## EXTRACTED RECORDS
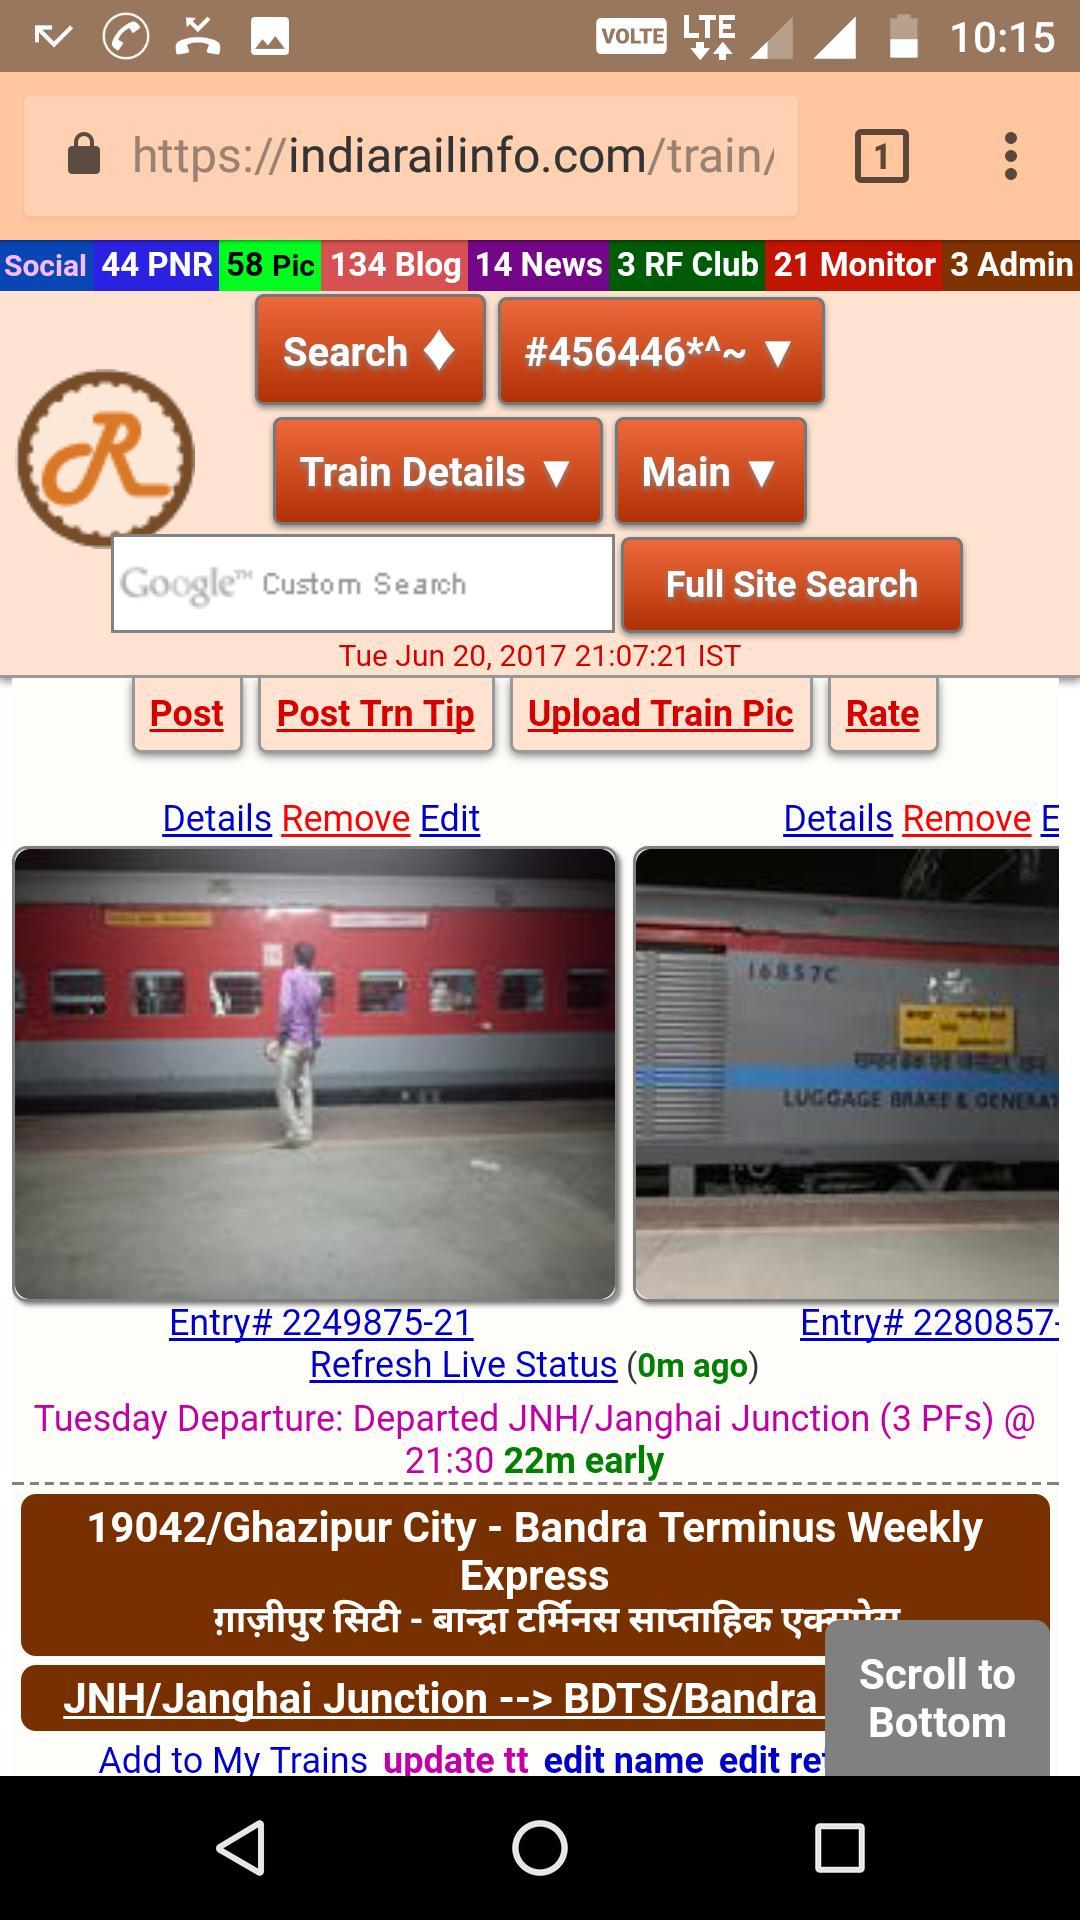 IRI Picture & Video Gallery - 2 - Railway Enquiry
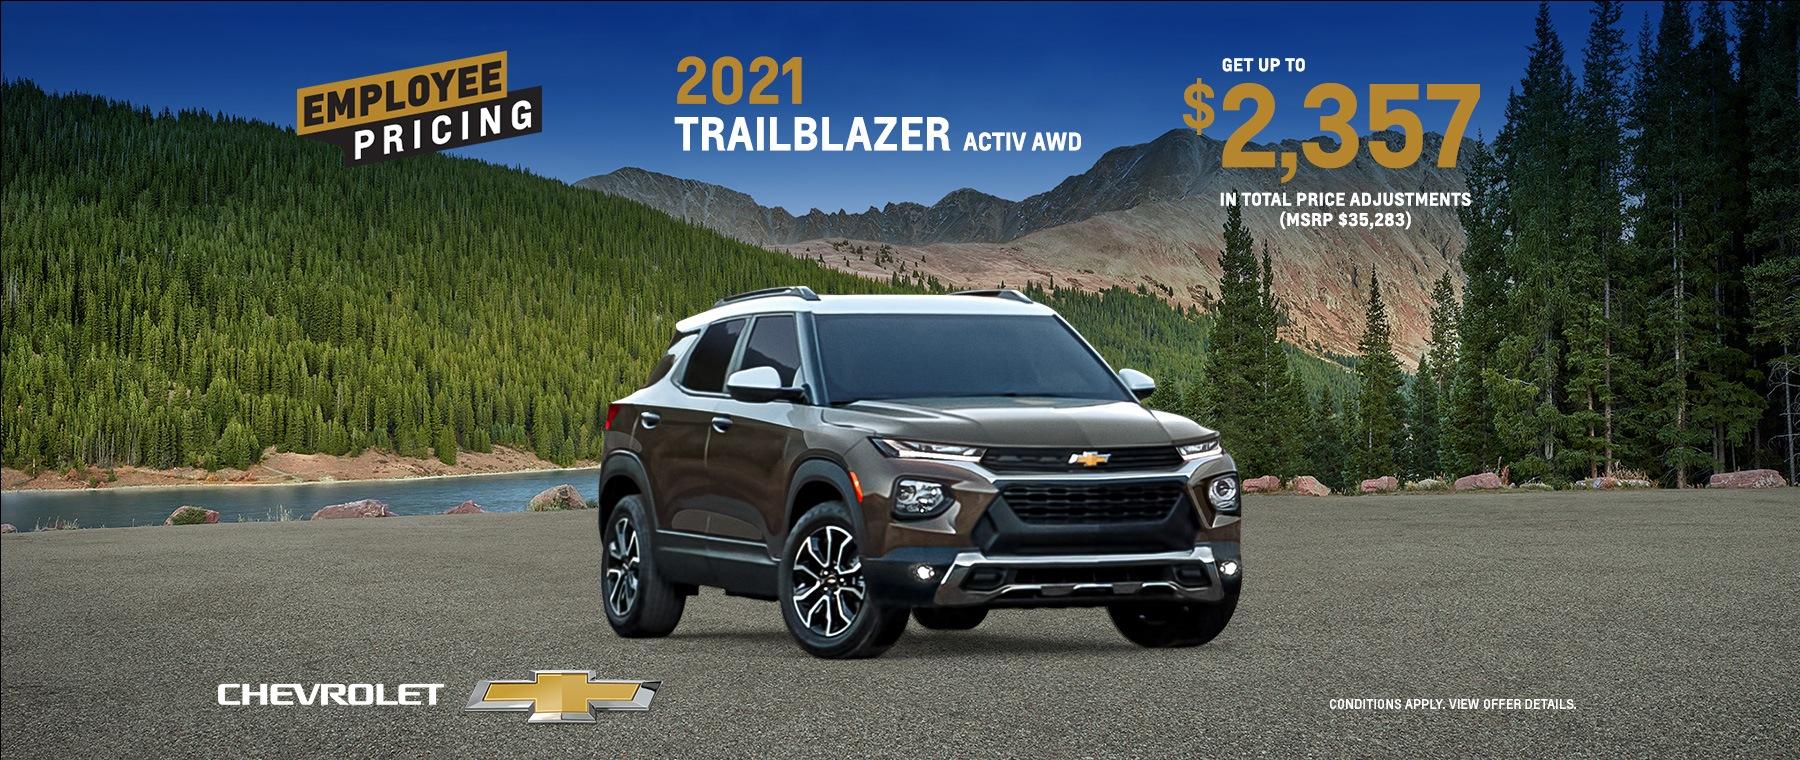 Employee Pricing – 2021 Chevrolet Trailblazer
==
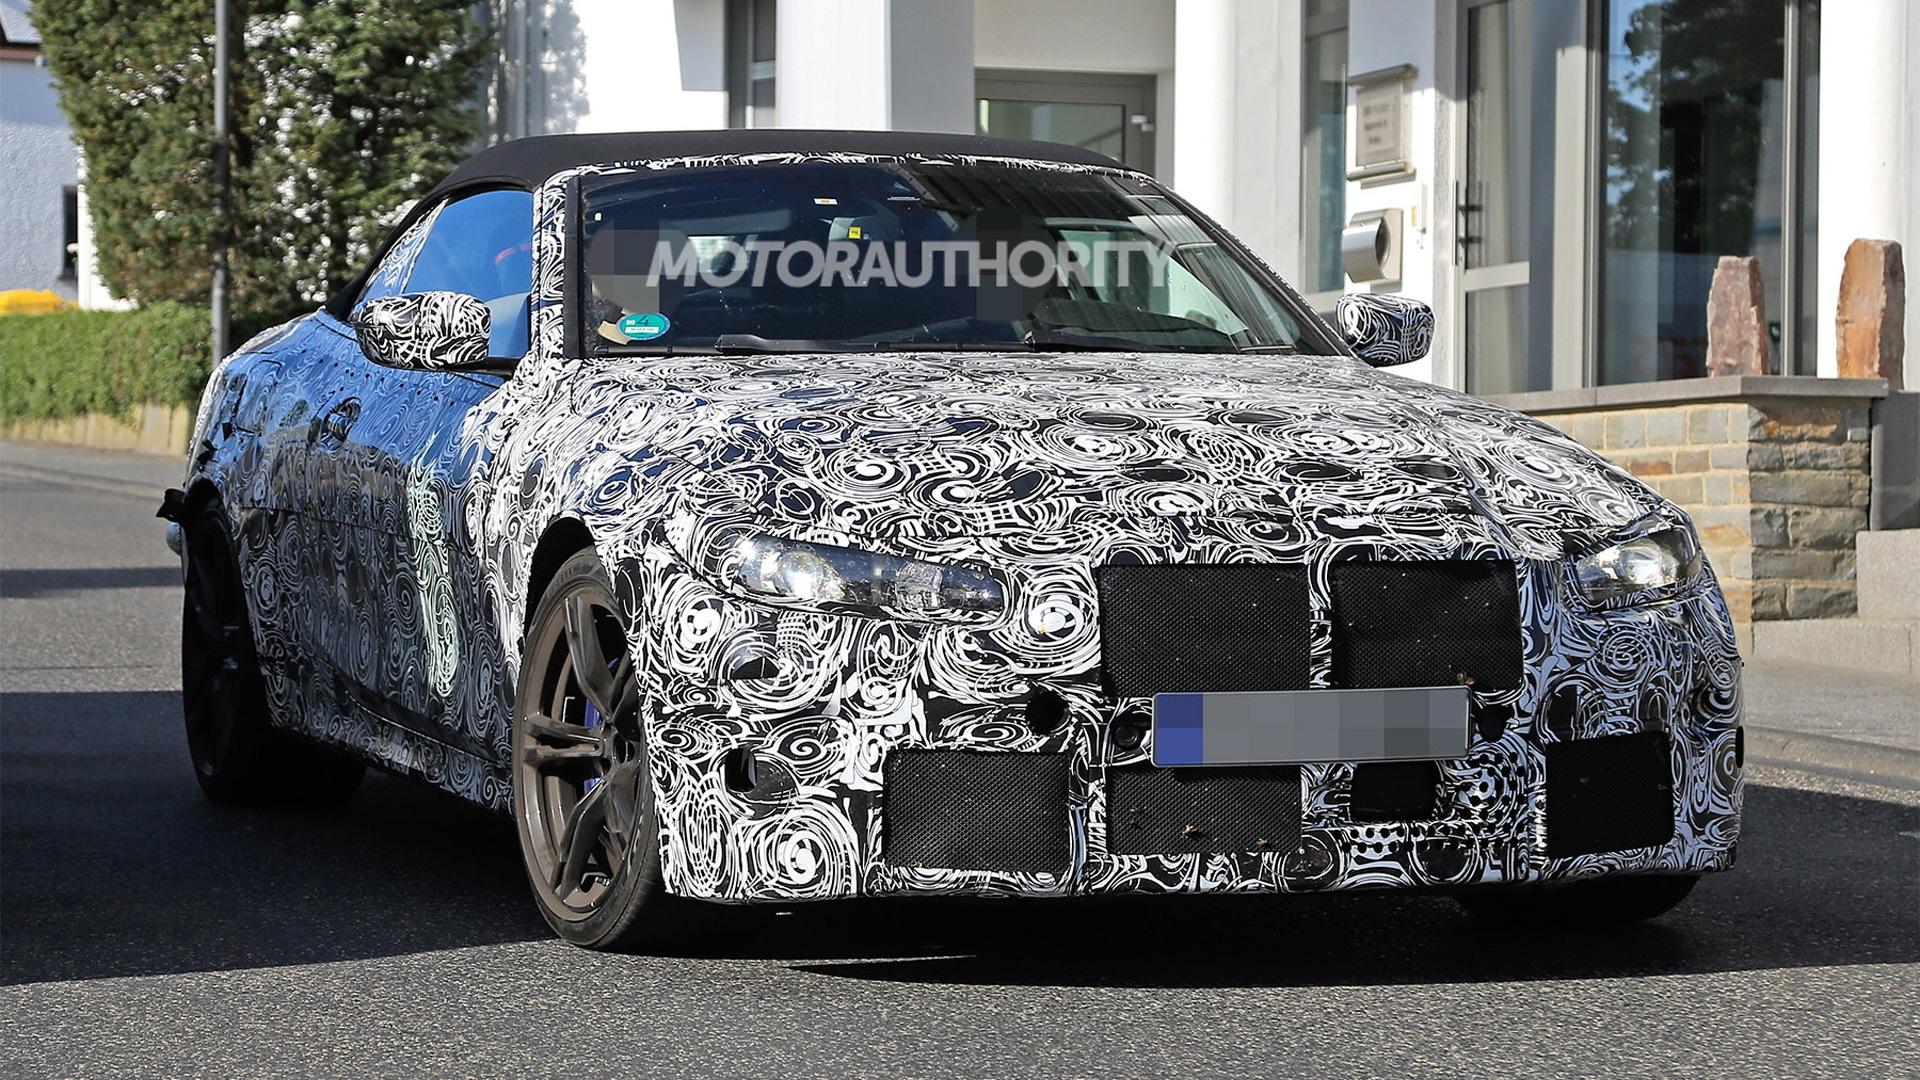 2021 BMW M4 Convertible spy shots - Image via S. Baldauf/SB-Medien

## WHAT NEEDS TO BE DONE
Word for word, repeat the lines above from the one with "IRI Picture &" through the one with "Employee Pricing –", and nothing beyond them. Omit the pictures.

## YOUR SOLUTION
 IRI Picture & Video Gallery - 2 - Railway Enquiry
 Employee Pricing – 2021 Chevrolet Trailblazer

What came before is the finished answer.